For a similar reason, this Court has denied Auer deference when an agency interprets a rule that parrots the statutory text. See Gonzales v. Oregon, 546 U.S. 243, 257 (2006). An agency, we explained, gets no “special authority to interpret its own words when, instead of using its expertise and experience to formulate a regulation, it has elected merely to paraphrase the statutory language.” Ibid.

Expertise matters, the Court explained, because "the core theory of Auer deference is that sometimes the law runs out, and policy-laden choice is what is left over." Congress would presumably prefer an expert agency with some political accountability to make such policy calls instead of a non-expert, unaccountable court.

By that logic, courts must refuse deference in step 1.5 cases. After all, an agency that thinks the language of the regulation is unambiguous and therefore leaves the agency no choice but to apply the text as written cannot possibly bring its expertise to bear on the question, and its views regarding any policy questions implicated by the regulatory text are entirely irrelevant. (One exception to this principle might exist for cases where the agency says it views the language as unambiguous but adds that its expertise in the area would lead it to reach the same result in any event).

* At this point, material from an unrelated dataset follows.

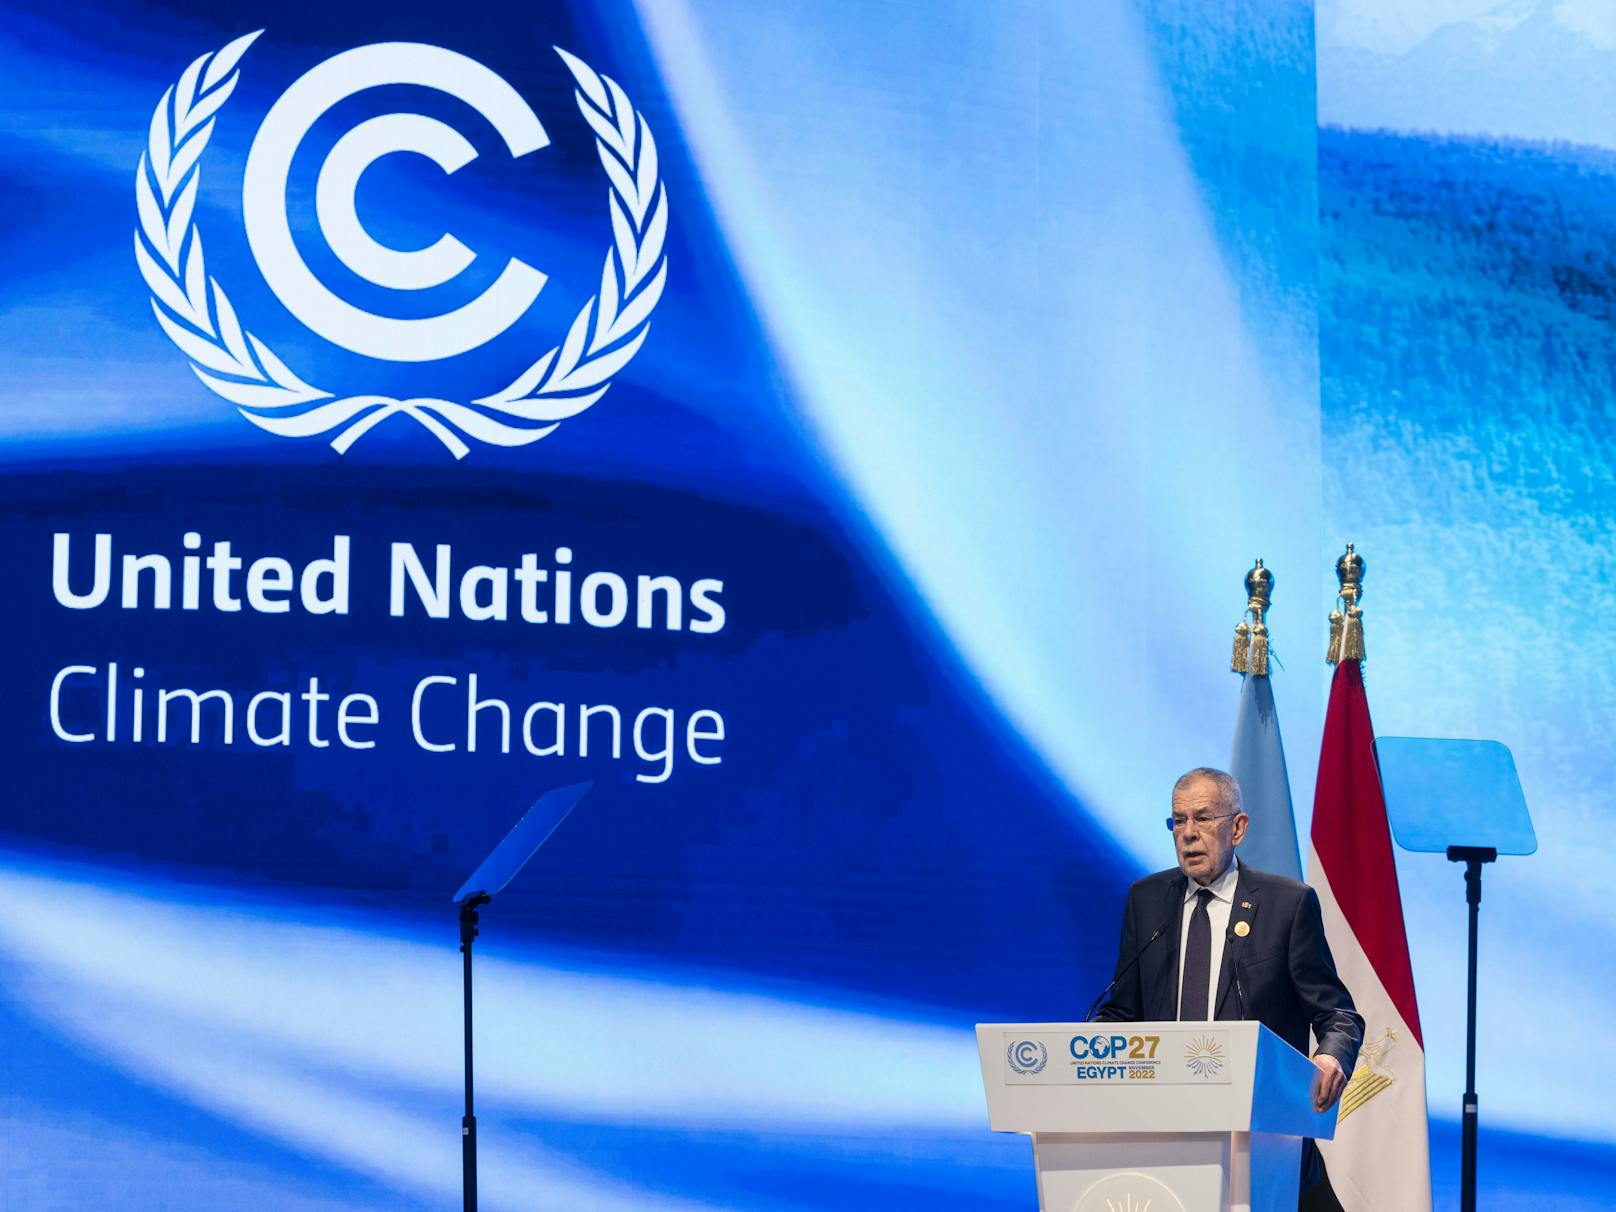 Bundespräsident Alexander Van der Bellen bei seiner Rede am Dienstag bei der COP27 in Sharm el-Sheikh.
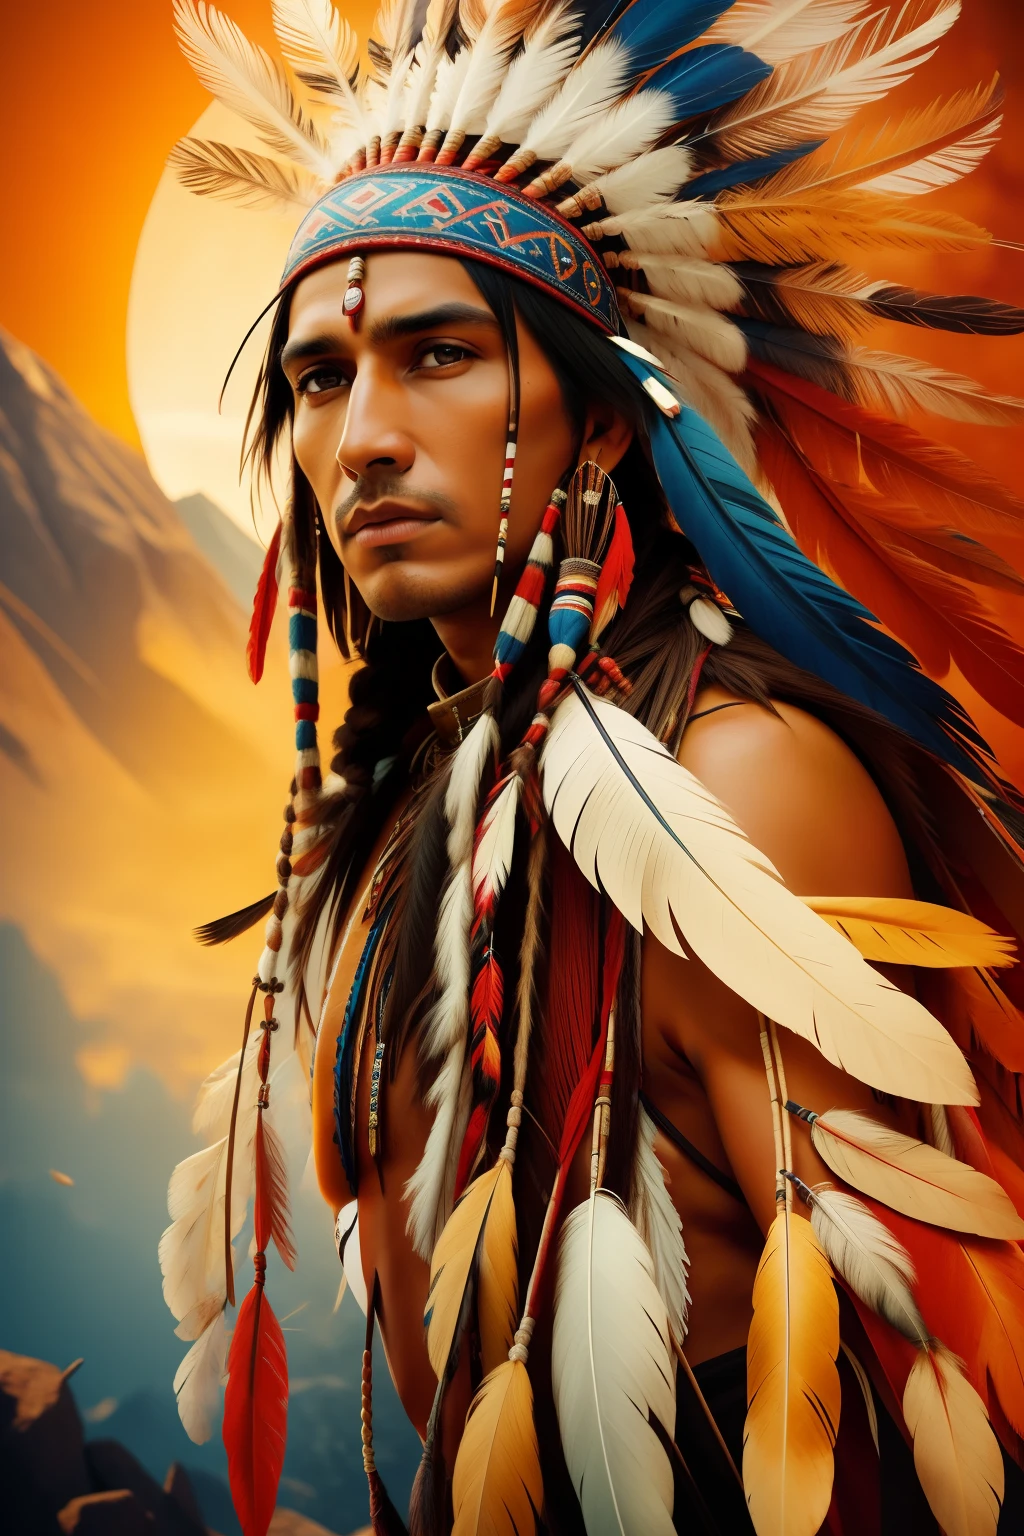 صورة سينمائية واقعية للغاية لمواطن هندي يحمل ريشًا على رأسه, الفن الأصلي americana, المحارب الهندي, أمريكي أصلي, محارب أمريكي أصلي, الفن الأصلي, محارب أمريكي أصلي, رجل أصلي, ريشة النسر, محارب أباتشي ماهر, روح المحارب, غطاء الرأس الهندي الأمريكي, فن السكان الأصليين, : خيال أمريكي أصلي, السكان الأصليين, الفن الشعبي الأمريكي الأصلي, Arte indiana التصويرrالواقعي, التصوير, اول عمل, الواقعي, الواقعية, استدعاء, تباين عالي, التصوير الفوتوغرافي الفني الرقمي الاتجاه الواقعي في Artstation 8k HD عالي الوضوح ومفصل وواقعي,  مفصلة, نسيج الجلد, hiper مفصلة, textura de pele الواقعي, درع, جودة أفضل, فائقة الدقة, (التصويرrالواقعي: 1.4), دقة عالية, مفصلة, مشروع الإجمالي, شارب ري, بقلم لي جيفريز Nikon D850 Film Stock Photography 4 Kodak Portra 400 F1 Lens.6 ألوان غنية، ملمس واقعي، ملمس درامي، إضاءة درامية، اتجاه غير واقعي على Artstation Cinestill 800

In short, it seems to me that Kisor requires courts to apply a step 1.5 rule when reviewing agency interpretations of their own regulations. If I'm right, that's a pretty big deal. In Kisor itself, for example, the agency insisted that the statutory language unambiguously commanded its favored interpretation, which means should be a 1.5 case. Furthermore, although the various opinions in Kisor repeatedly noted various differences between the Auer and Chevron frameworks, the Court in the passage above relied on Chevron cases for the proposition that deference is inappropriate in cases where the agency's expertise/policy judgment wasn't involved. Does that mean that the Court would like to see step 1.5 applied more broadly in Chevron cases as well? Sure seems like it. See Epic Systems v. Lewis.